Mirror Neurons and Leadership

The discovery of mirror neurons has significant implications for leadership, as the researchers pointed out to The New York Times. To use their own words, "If a company wants its employees to quickly assimilate 'best practices,' there is no faster conduit to a protege's brain than watching a good role model in action." Mirror neurons, they add, "allow us to grasp the minds of others not through conceptual reasoning, but through direct stimulation."

As leaders, then, when we model what we want people to become, we make it easier for them to identify with the ideal and to begin to internalize it personally in their actions. This also underscores why it's vital for people to see their leader in action. If we are to harness the potential power of being a stellar role model, we cannot lead from a corner office, where our people do not see us modeling desired behavior both regularly and firsthand.

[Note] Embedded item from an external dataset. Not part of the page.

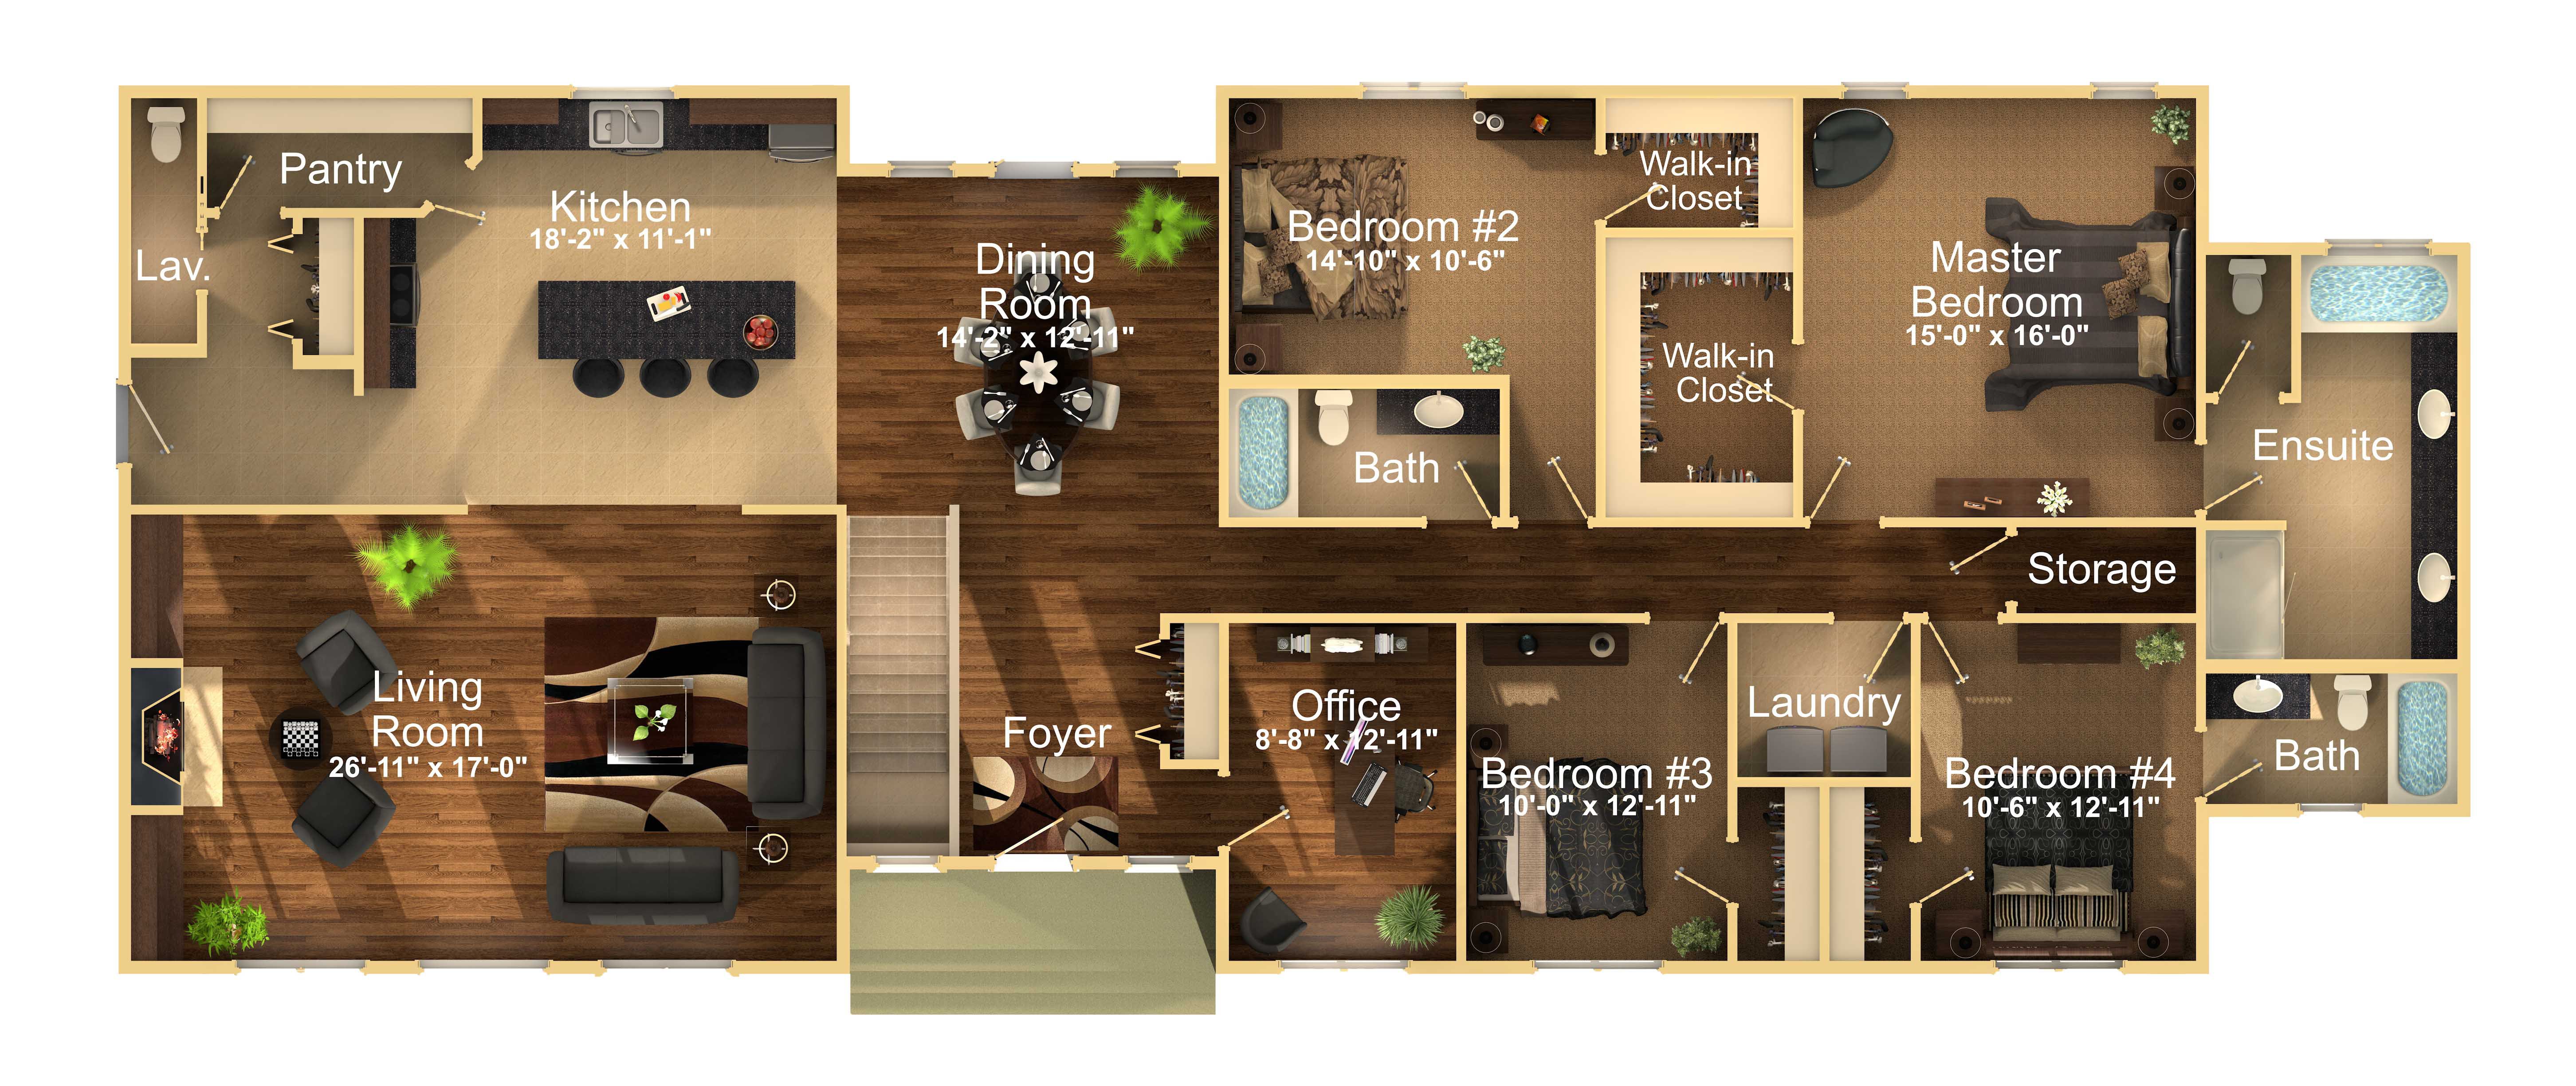 4 bedroom modular home plan nelson homes.jpg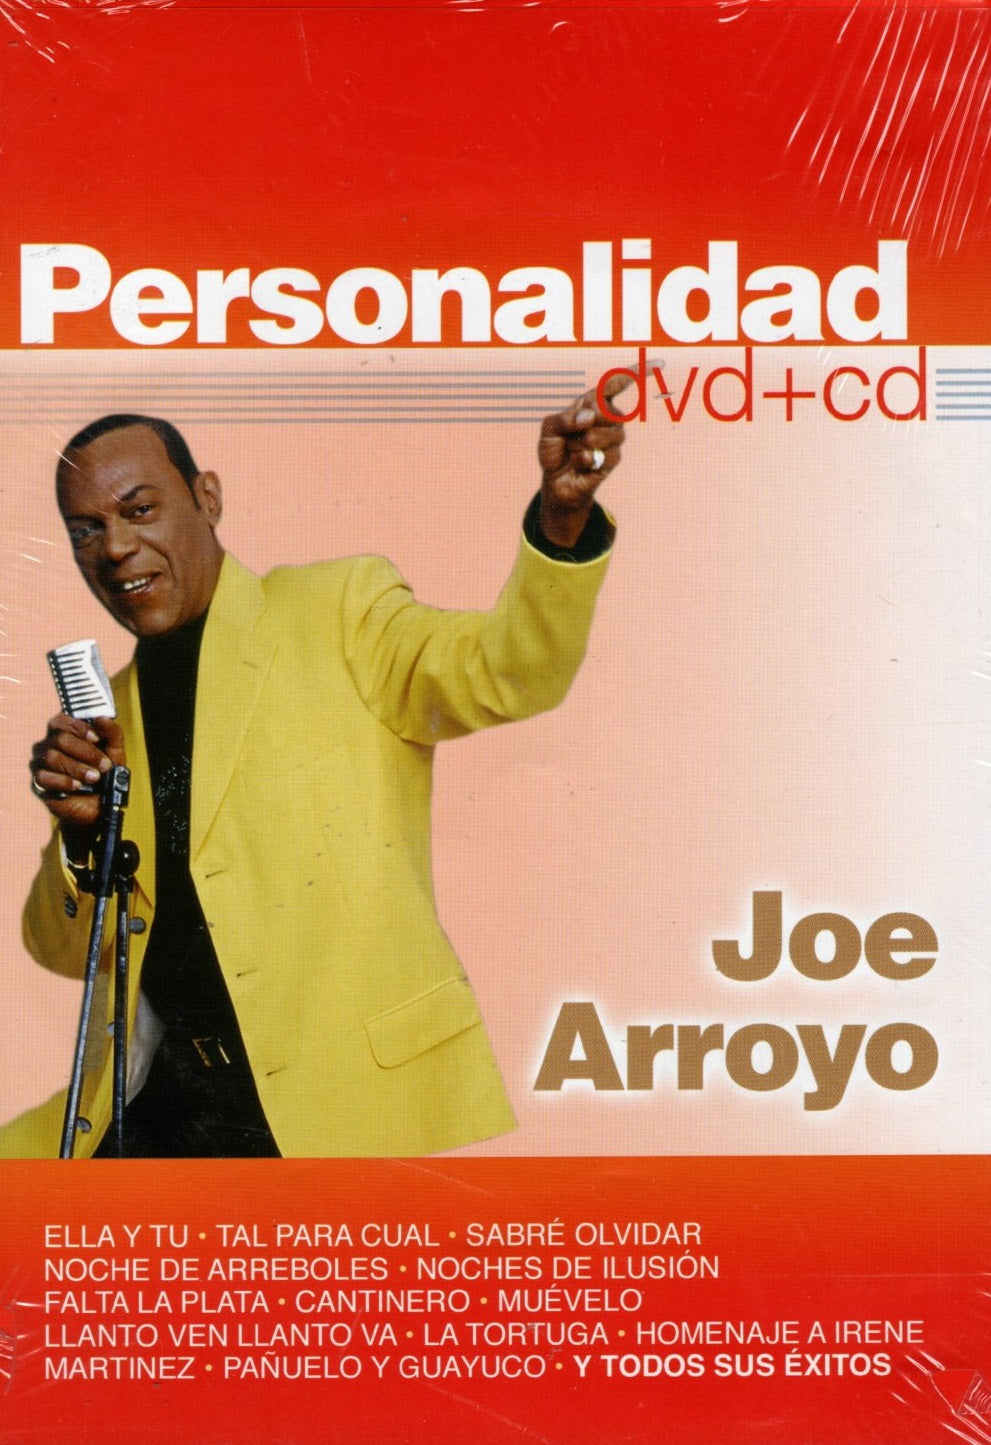 DVD+CD Personalidad - Joe Arroyo

The constant firing of mirror neurons also means that it's impossible for people not to be influenced by whatever behavior patterns they witness. The people around us do indeed shape us. With role models, as with computers, it's "garbage in, garbage out." Thus, if leaders do not present themselves as role models for their people to emulate, they leave the door wide open for someone else, perhaps with less than helpful attitudes and behavior patterns, to become a de facto role model for the team.

And contrary to my detractors in that philosophy class, the discovery of mirror neurons suggests that what people see and observe via media cannot help but affect them, whether for good or ill. Even if they only live the experience vicariously through the firing of mirror neurons, they are actually living what they witness. The activity is becoming part of their makeup. Part of their being.

All those books on personal success are thus right on target when they encourage us to build our circle of friendship around people who are paragons of great attitudes and proper behavior. The old proverb that "you are what you eat" can now be supplemented by another that says, "You become what you watch."